**Try it:**
With every picture left out, give the data below back exactly.

**Input data:**
◆ ◆ ◆

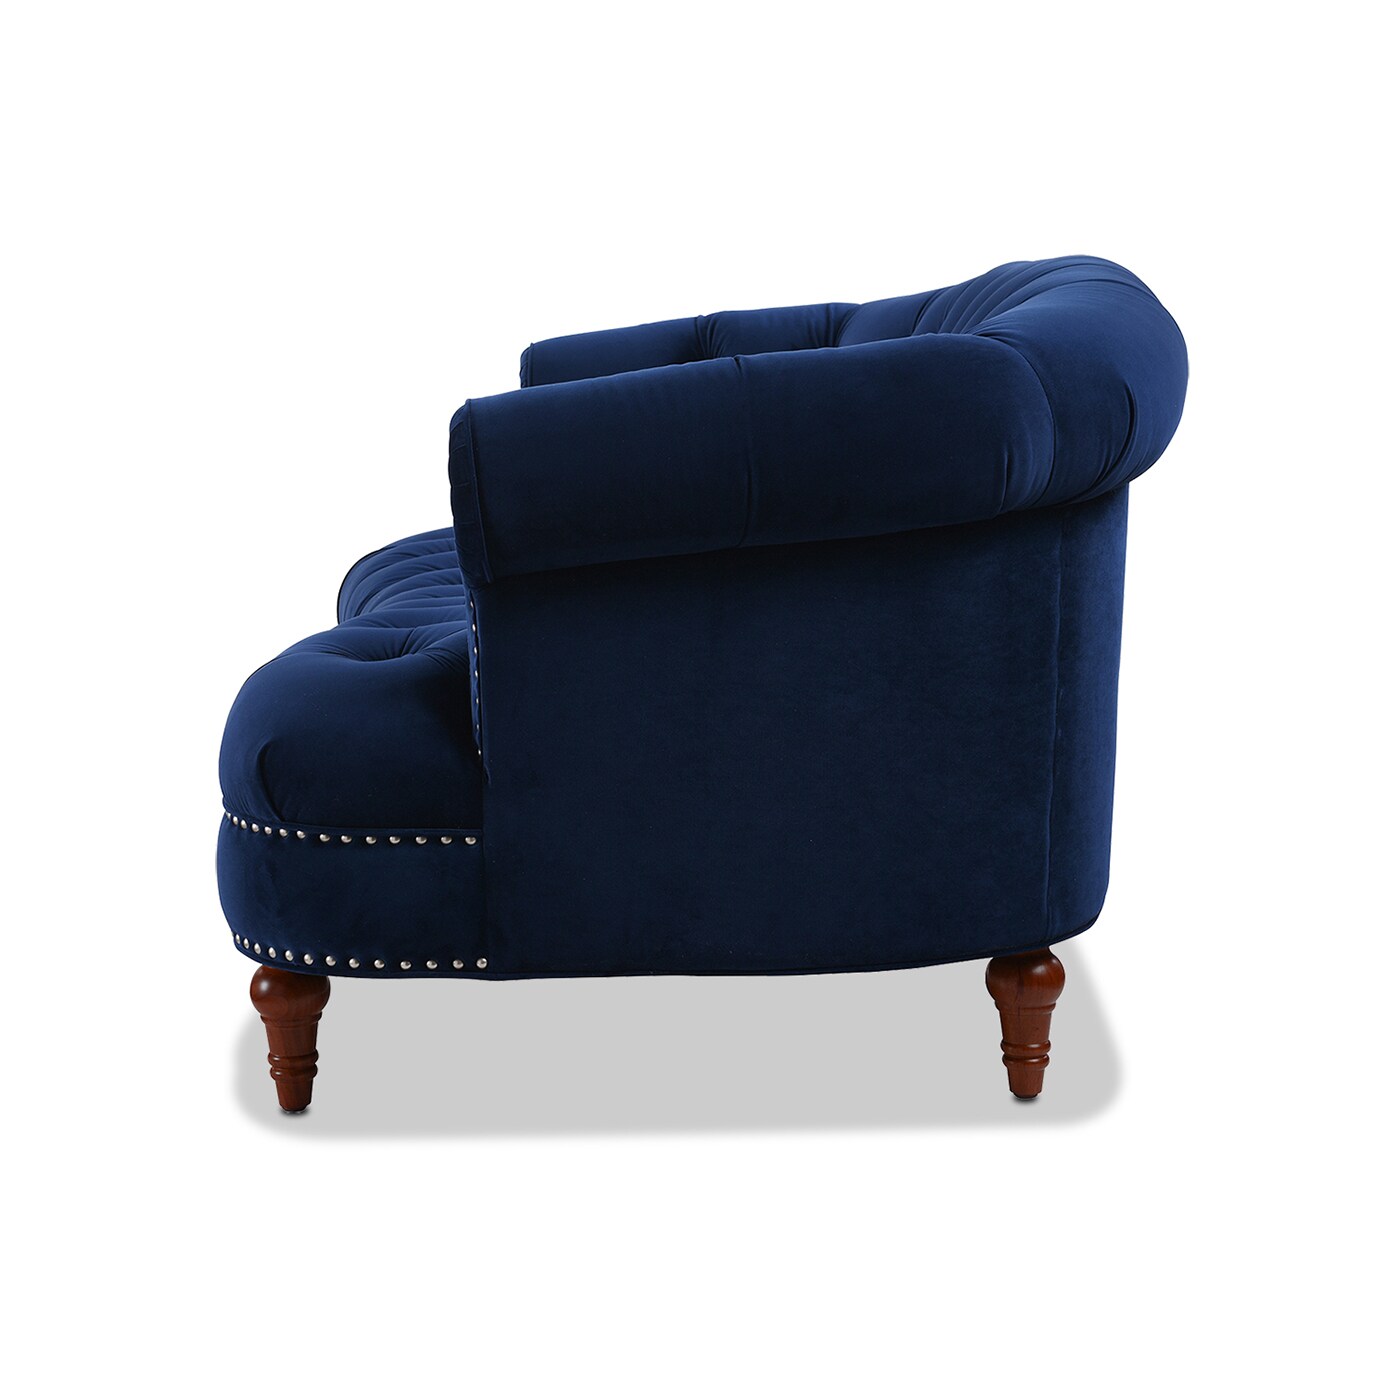 68.5-in Sofas Loveseats Velvet at Couches, in 2-seater Home Navy & Taylor La Jennifer Blue department Loveseat Rosa Midcentury the
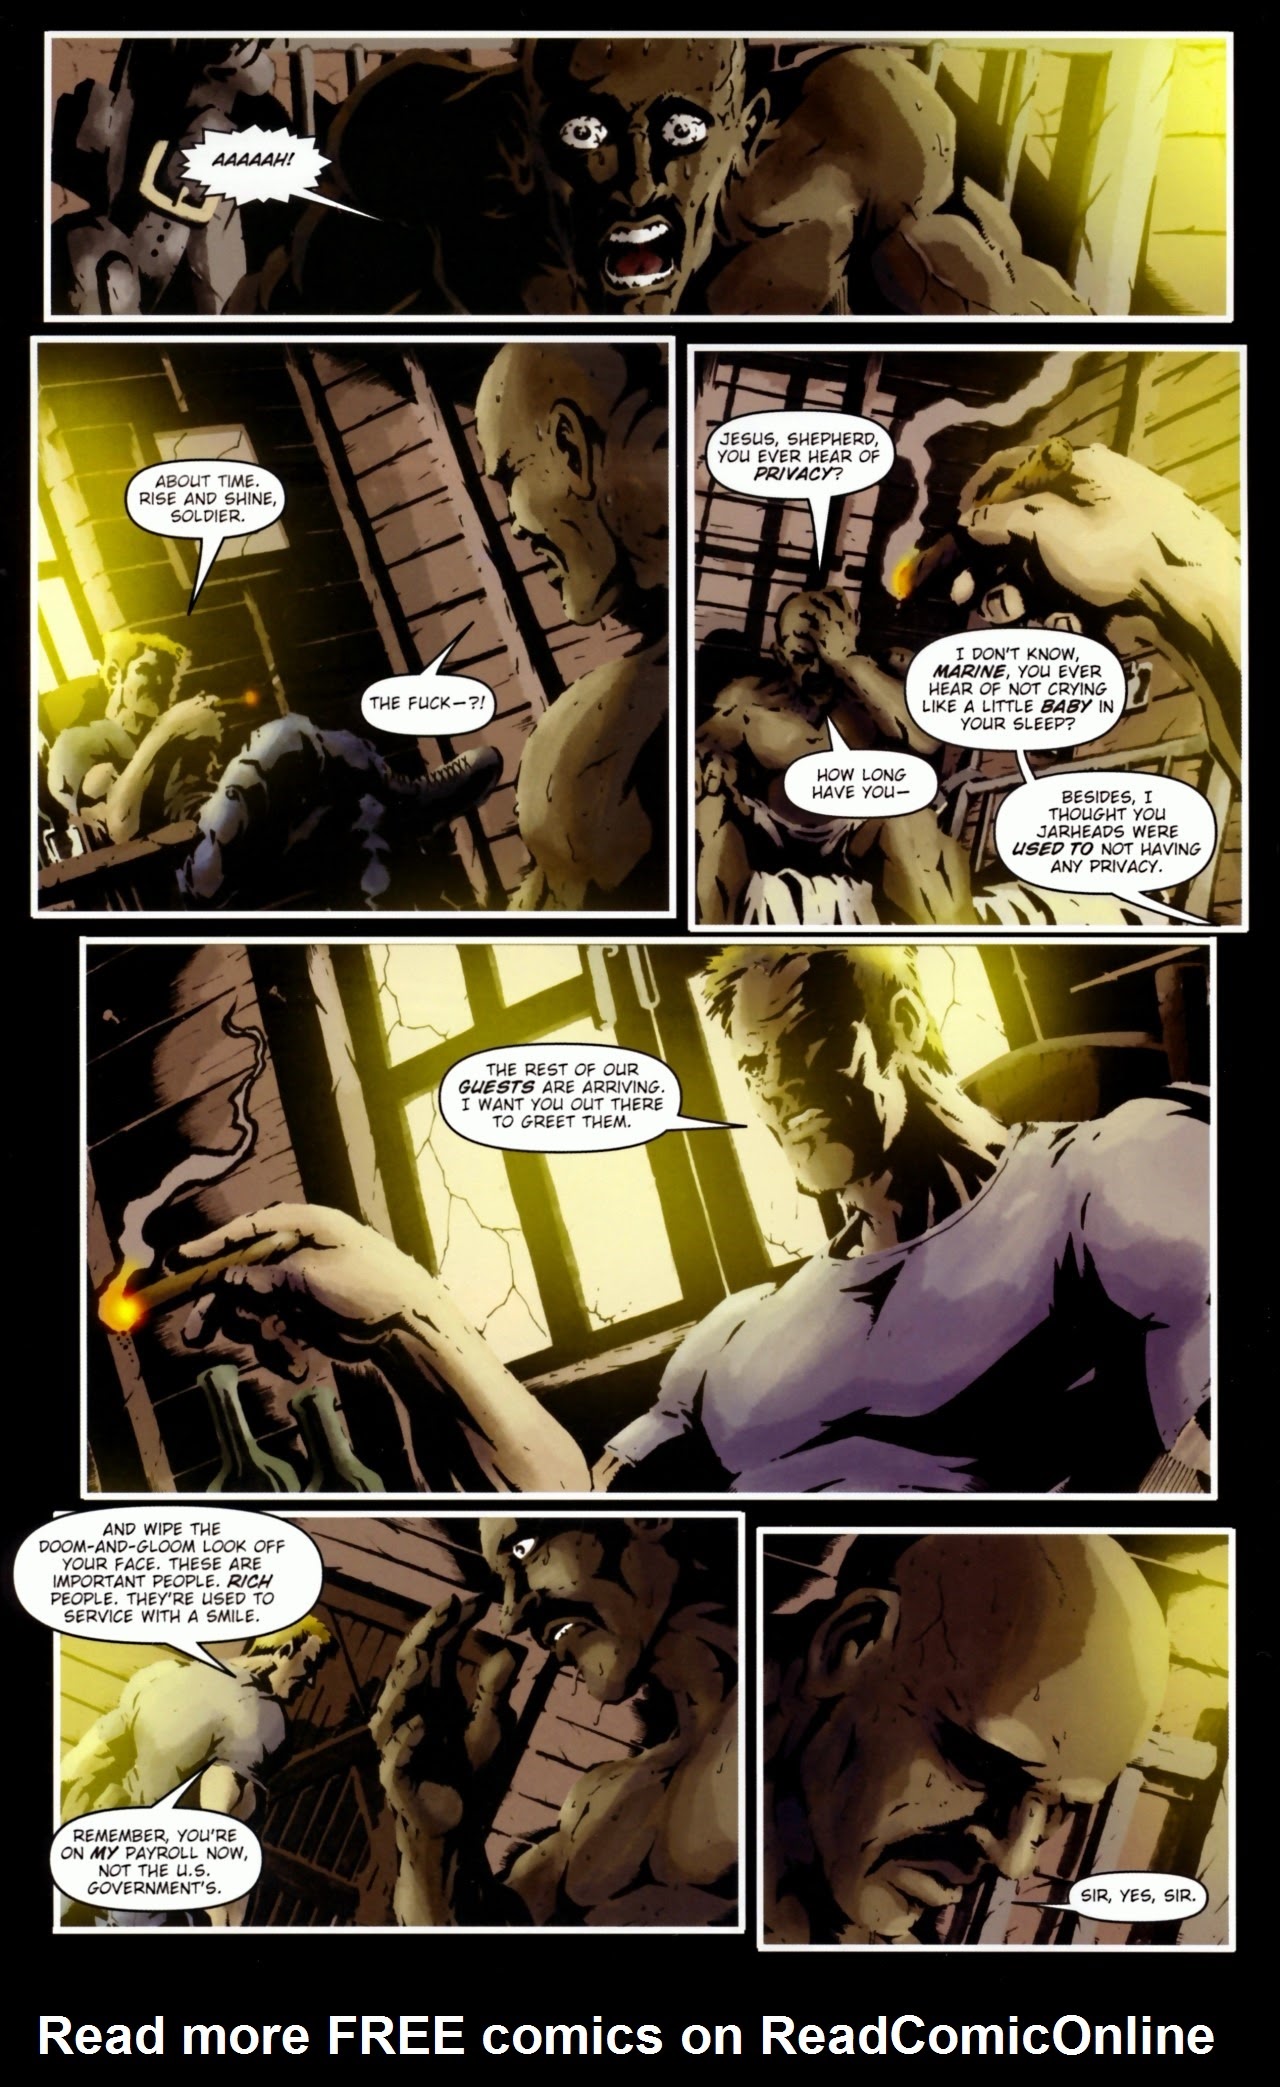 Read online Zombies!: Hunters comic -  Issue # Full - 3
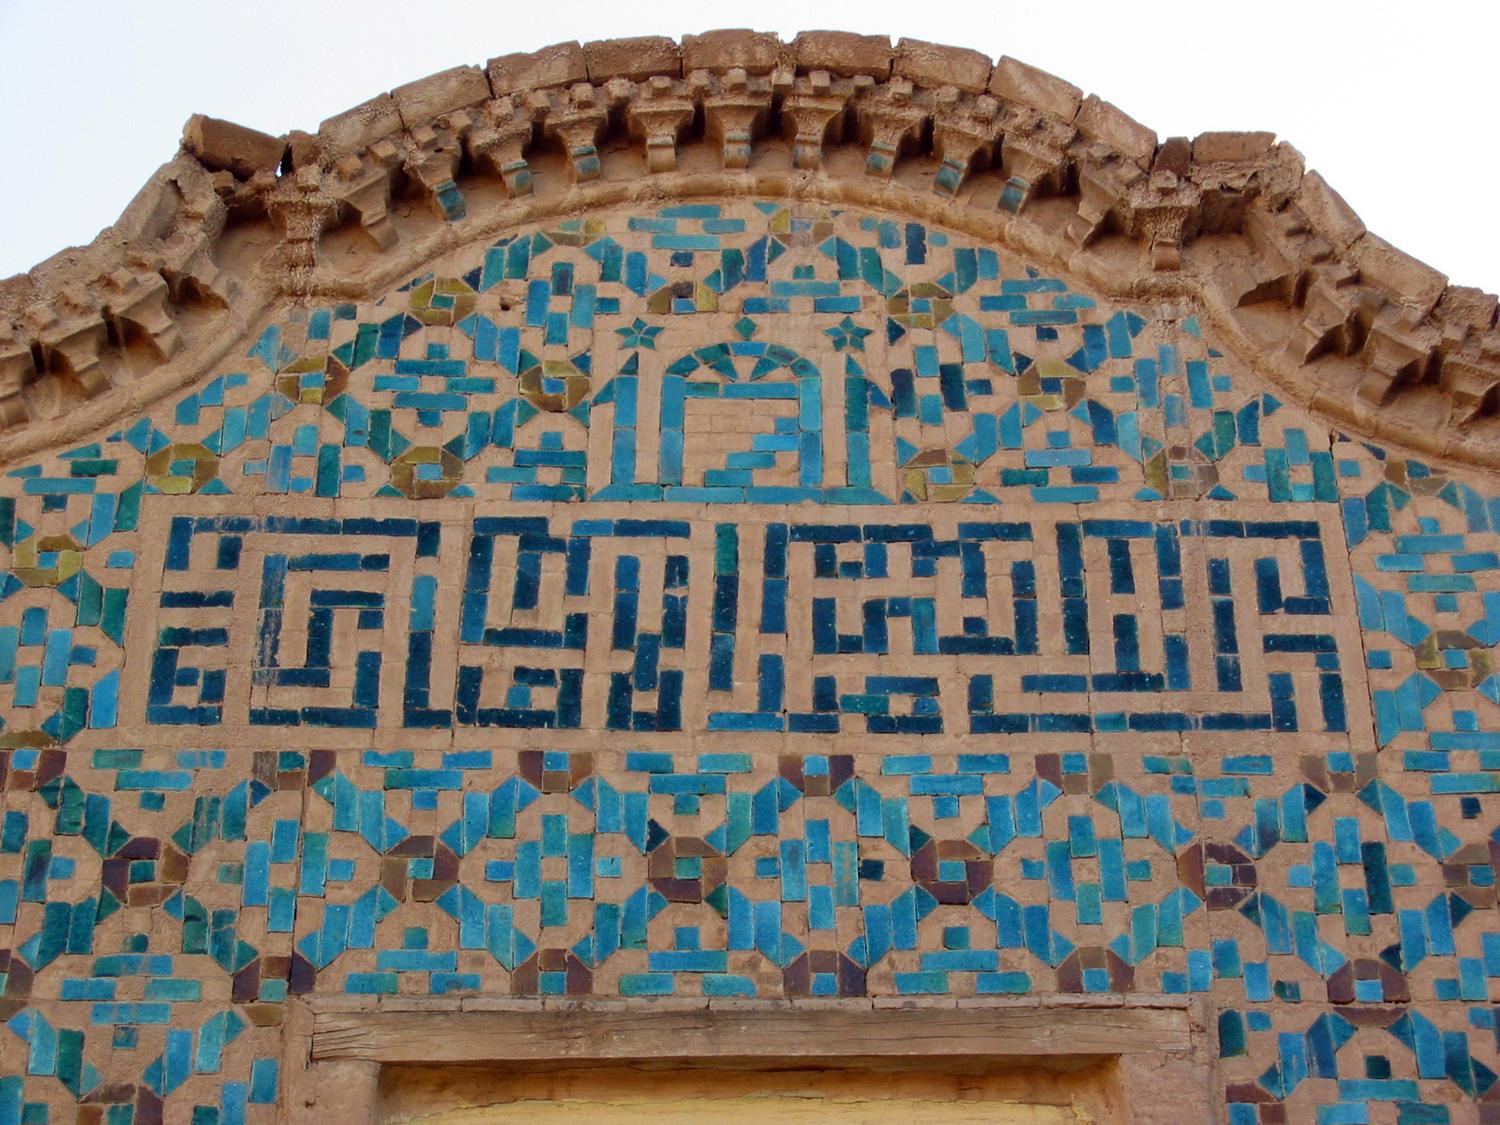 South wing, detail of tilework

◆ ◆ ◆

**Problem solution:**
 68.5-in Sofas Loveseats Velvet at Couches, in 2-seater Home Navy & Taylor La Jennifer Blue department Loveseat Rosa Midcentury the
 Read online Zombies!: Hunters comic -  Issue # Full - 3
 South wing, detail of tilework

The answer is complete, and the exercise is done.